• **Prompt**:
Please transcribe the listing below in full and word for word, without its pictures.

• **Source data**:
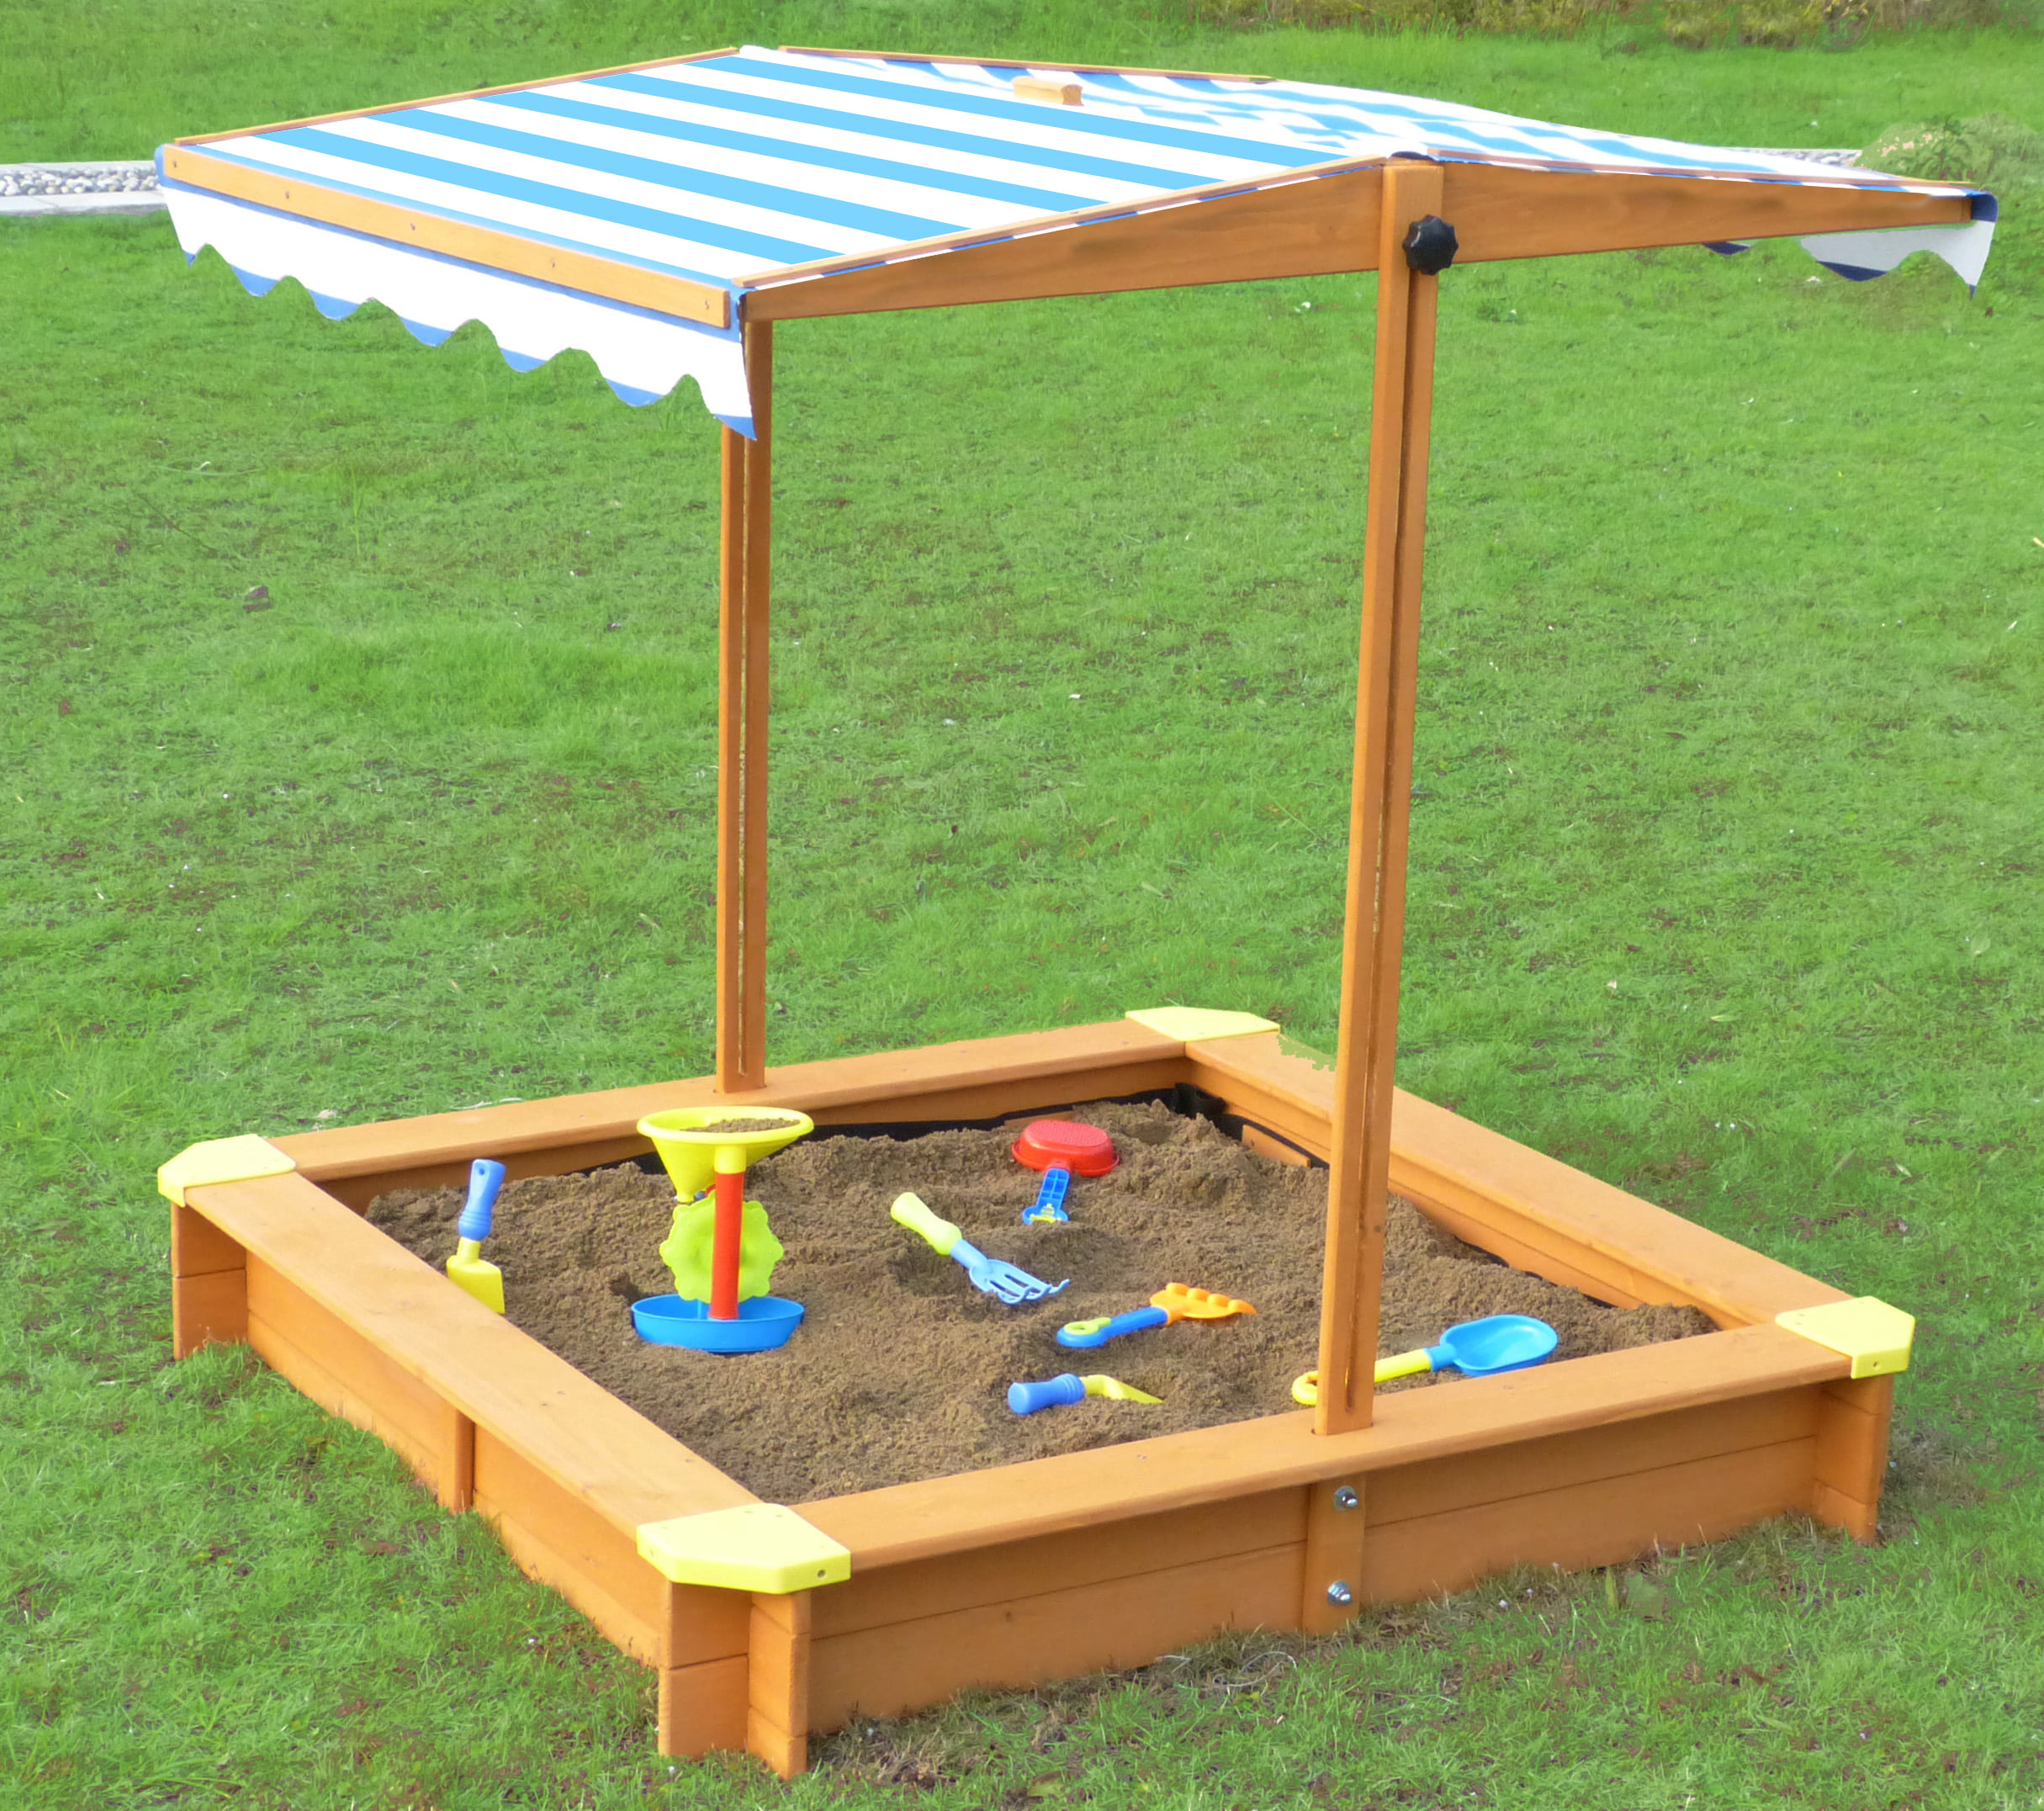 Playtive Junior Sandbox With Canopy
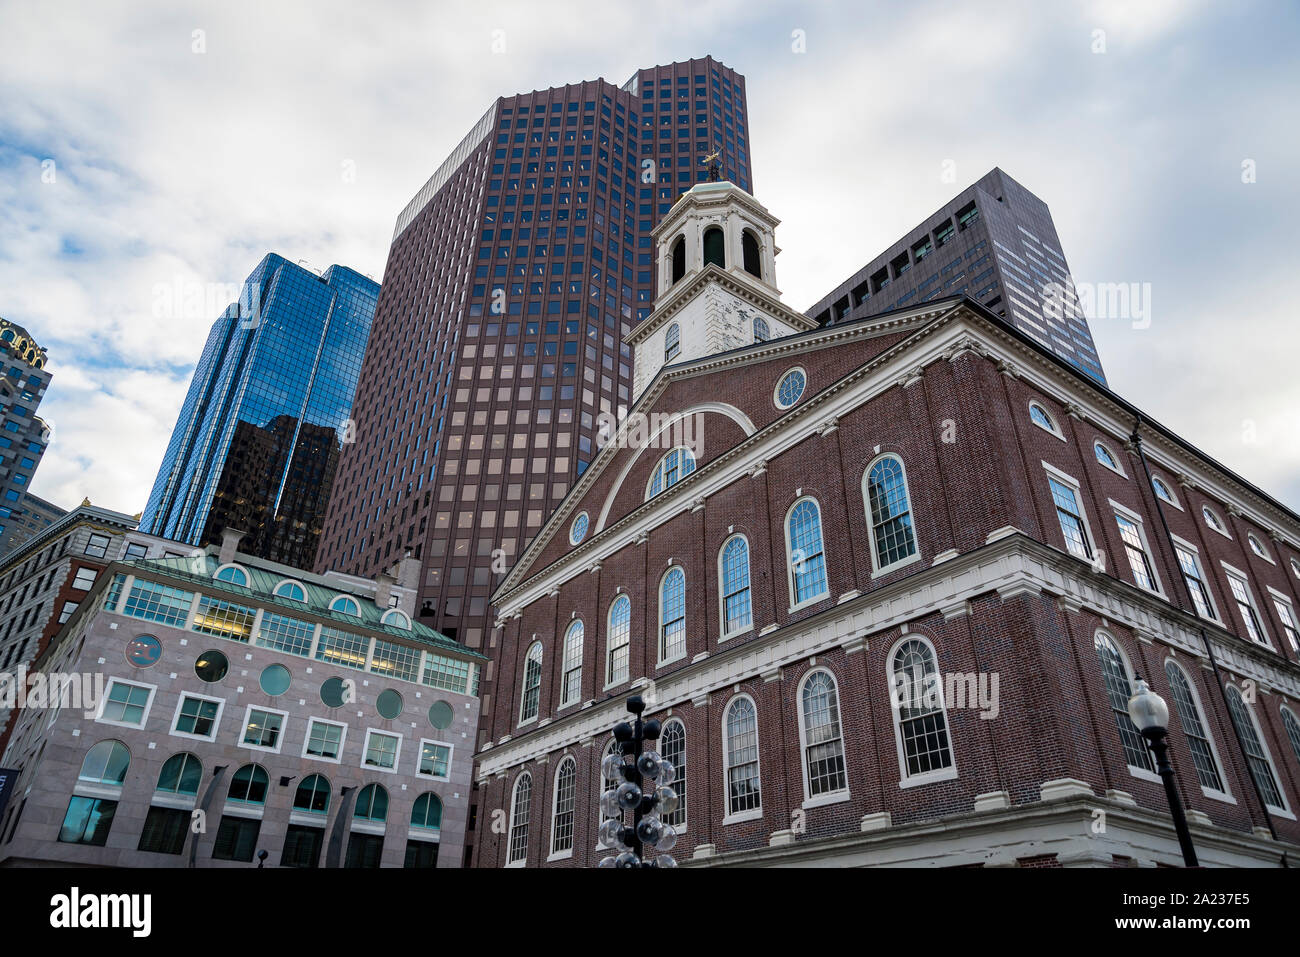 Historical buildings in the city of Boston, Massachusetts USA Stock Photo
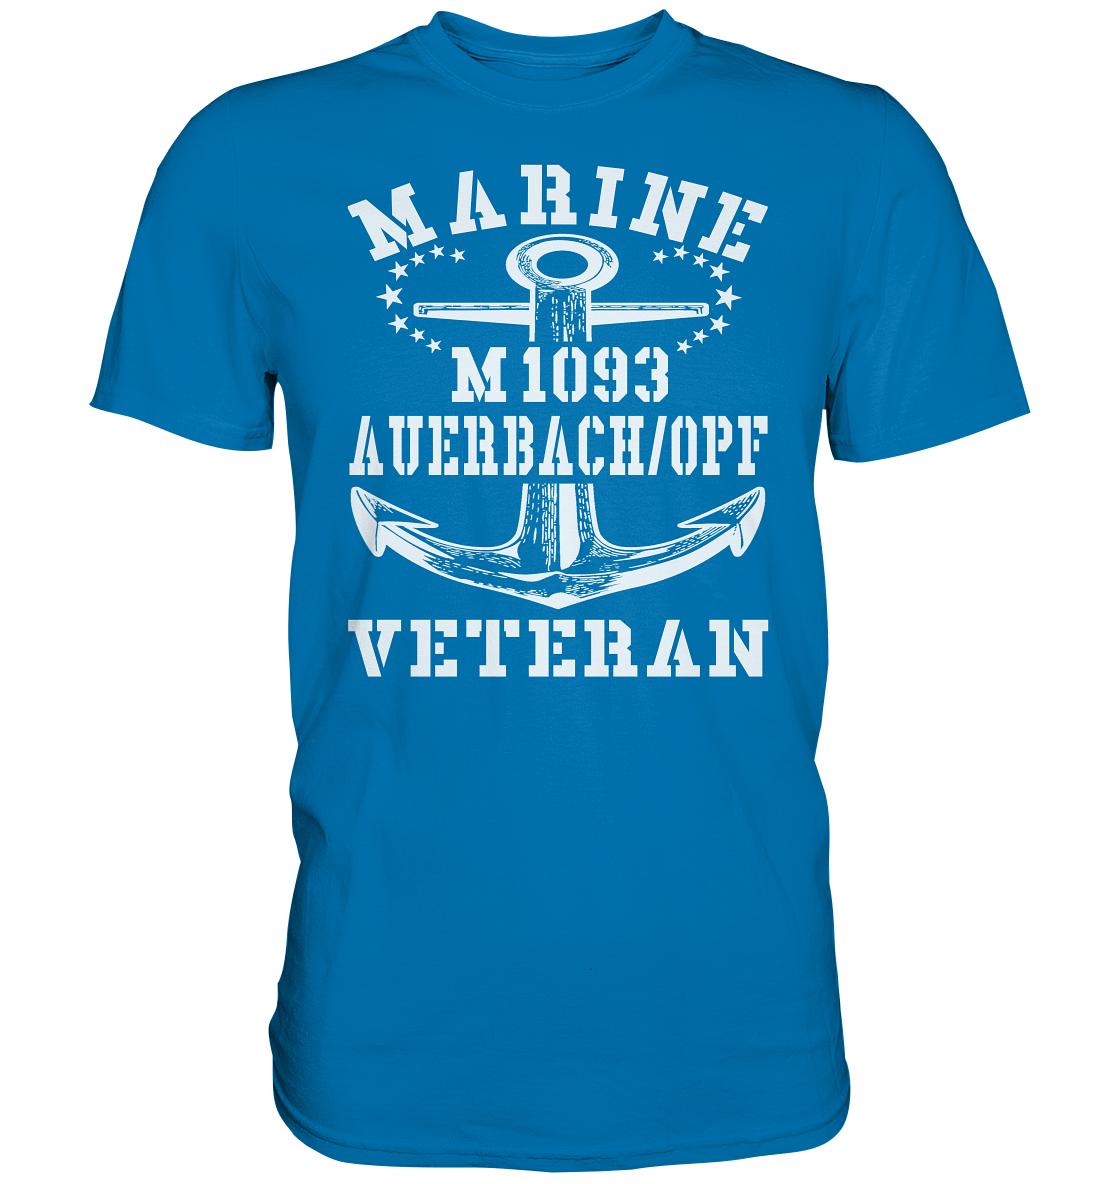 M1093 AUERBACH/OPF Marine Veteran - Premium Shirt

• **Solution to this problem**:
 Playtive Junior Sandbox With Canopy
 Historical buildings in the city of Boston, Massachusetts USA Stock Photo
 M1093 AUERBACH/OPF Marine Veteran - Premium Shirt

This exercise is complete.